The situation is drawn from the book Quantitative Methods for Management. A Practical Approach, (Authors: Canela, Miguel Angel; Alegre, Inés; Ibarra, Alberto) and the data are publicly available, you can access it from their Github repository as churn.csv and save it to a directory of your choice. We’re being asked to imagine we’re a wireless provider and we have a sample of 5,000 customers with 13 possible predictor variables, a unique ID number, and data about whether a customer did (Yes) leave us for a different provider, or stayed with us (No).

The predictors are a nice mix of things we might know about our customers, how long they have been with us, what sort of data and international calling plan they have, how often they call us for support, how often they call other customers of ours, etc., etc.. The original blog post has a nice little table listing all the variables that I won’t reproduce here.

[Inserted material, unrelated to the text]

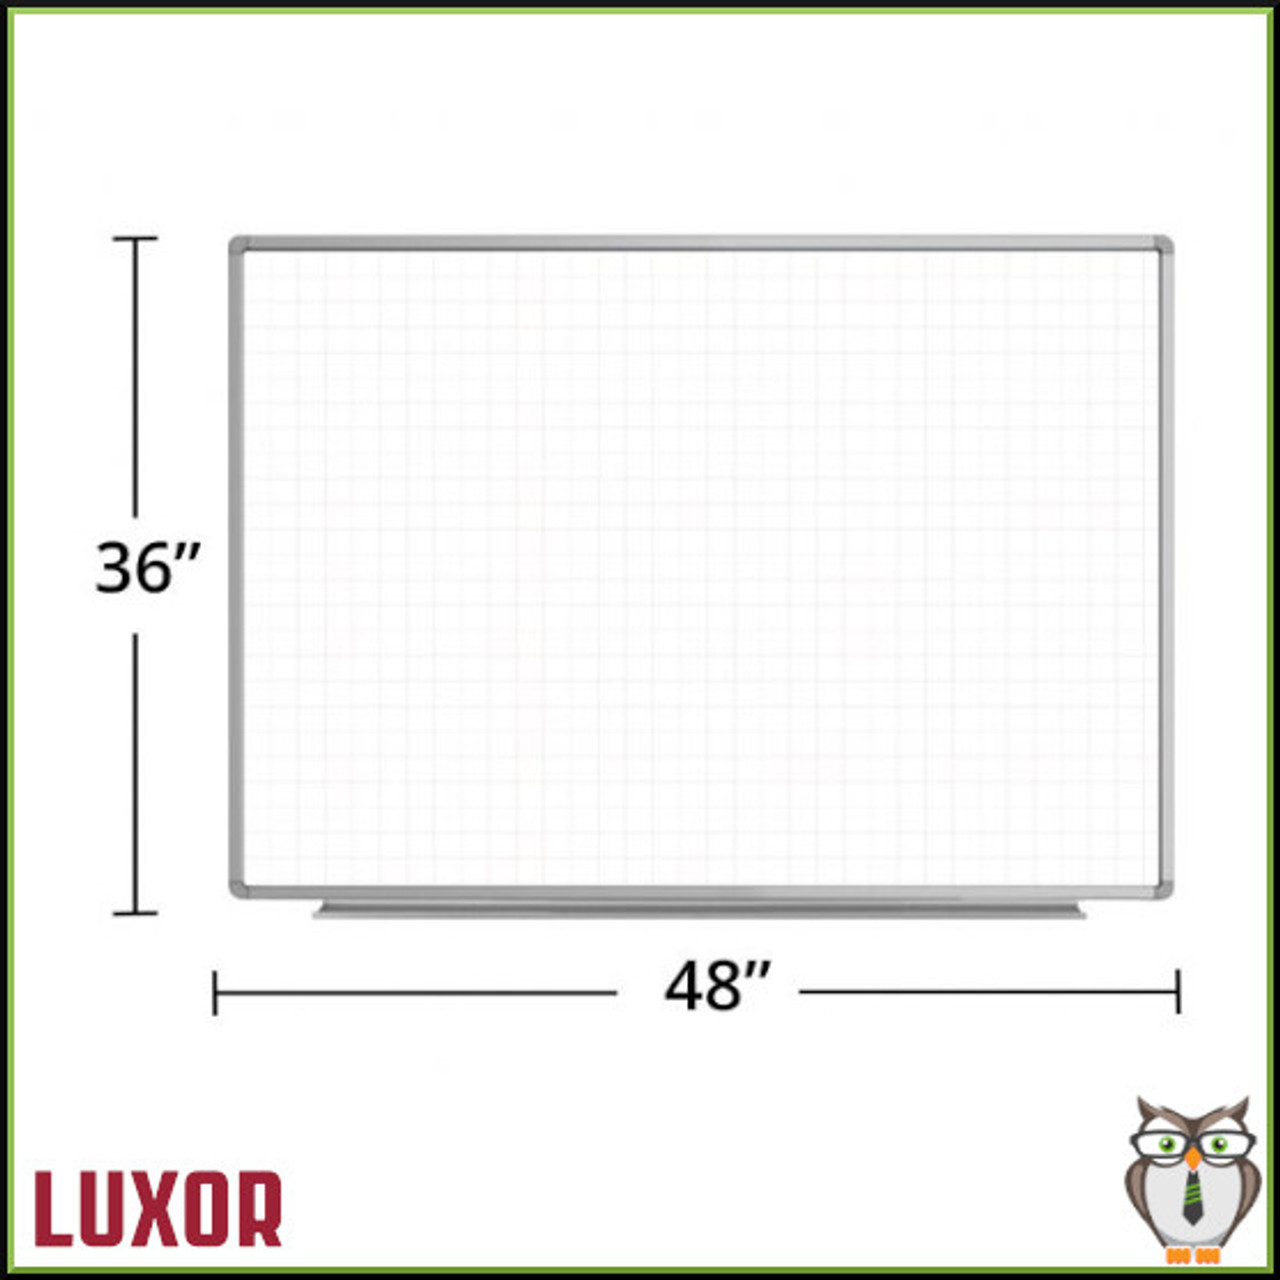 48"W x 36"H Wall-Mounted Ghost Grid Whiteboard (WB4836LB) - Dimensions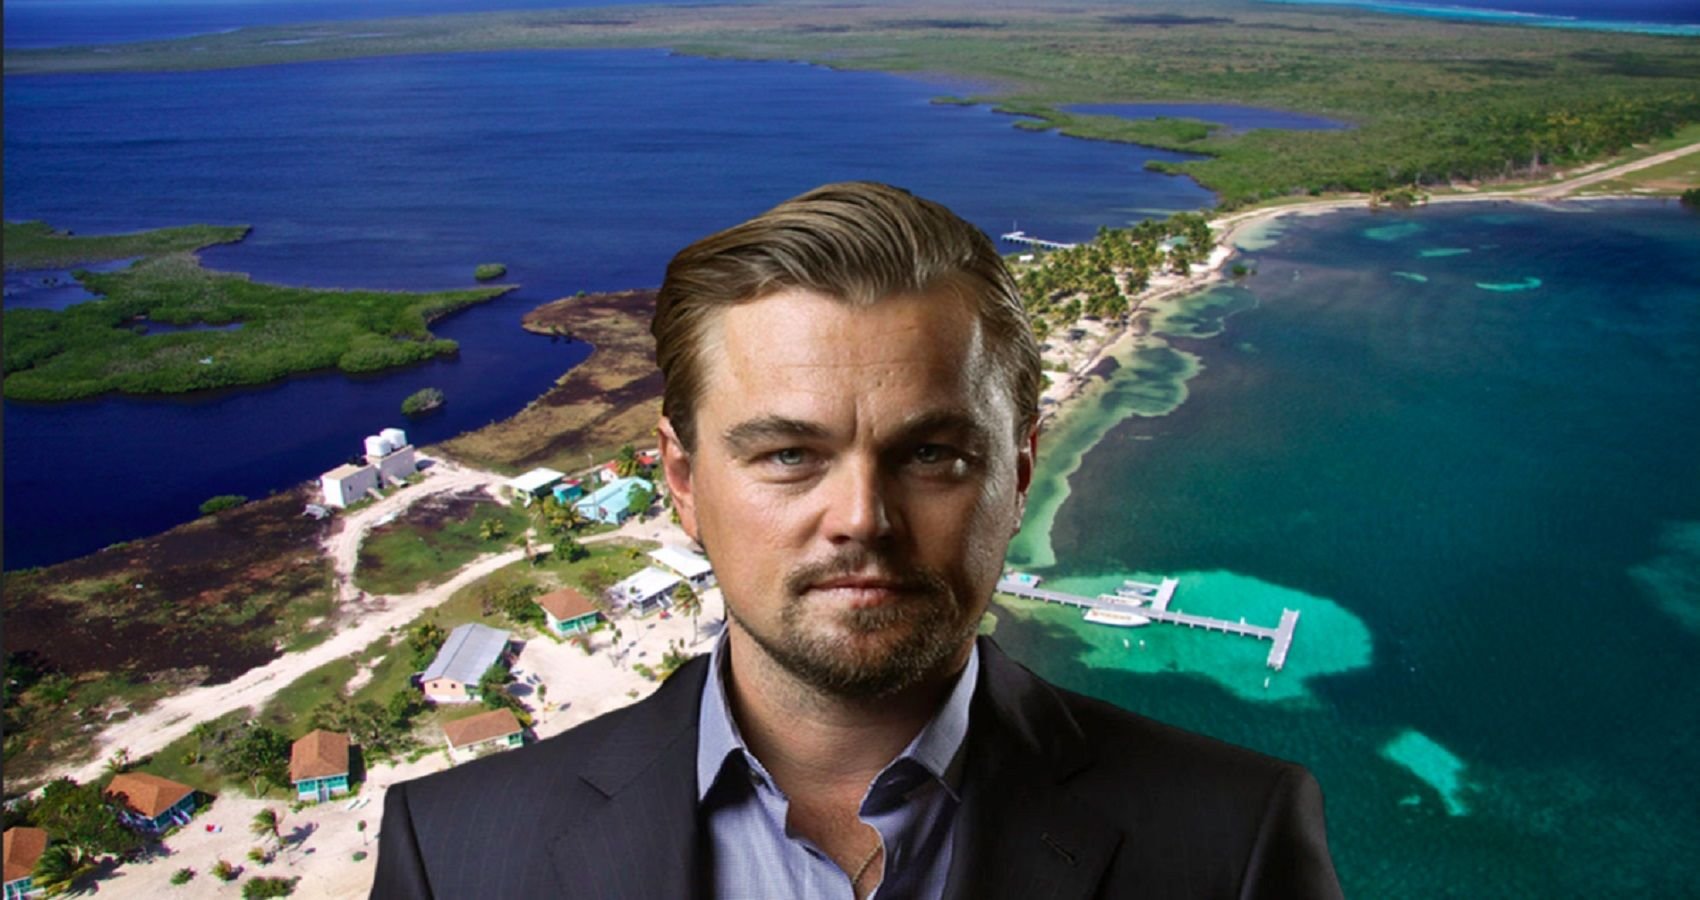 10 Celebrities You Didn't Know Owned A Private Island

Looks like in the book they took a classic linear regression approach, and the blog post builds on a classic decision tree model. Both well known approaches with plenty of supporters. As I’ve written before I actually love CHAID as an early modeling and explanation tool. Not necessarily because it is the most accurate, or the fastest, or the most modern but rather because it is easy to explain to our business customer, easy to understand the results, easy to use, and makes very few assumptions about the nature of our data.

### Our objective

Let’s imagine that this is our first attempt at using the data we have on hand to predict “churn” and to look for opportunities to reduce it. Note that it is also good in a business setting to avoid unnecessary costs and reduce waste. So yes obviously we’d like to stop people from dropping our service and look for potential ways to retain them. We’d also like to avoid spending money or resources to induce people to stay when there is very little likelihood of them leaving. In other words, we are nearly equally interested in predicting who will leave and who will stay.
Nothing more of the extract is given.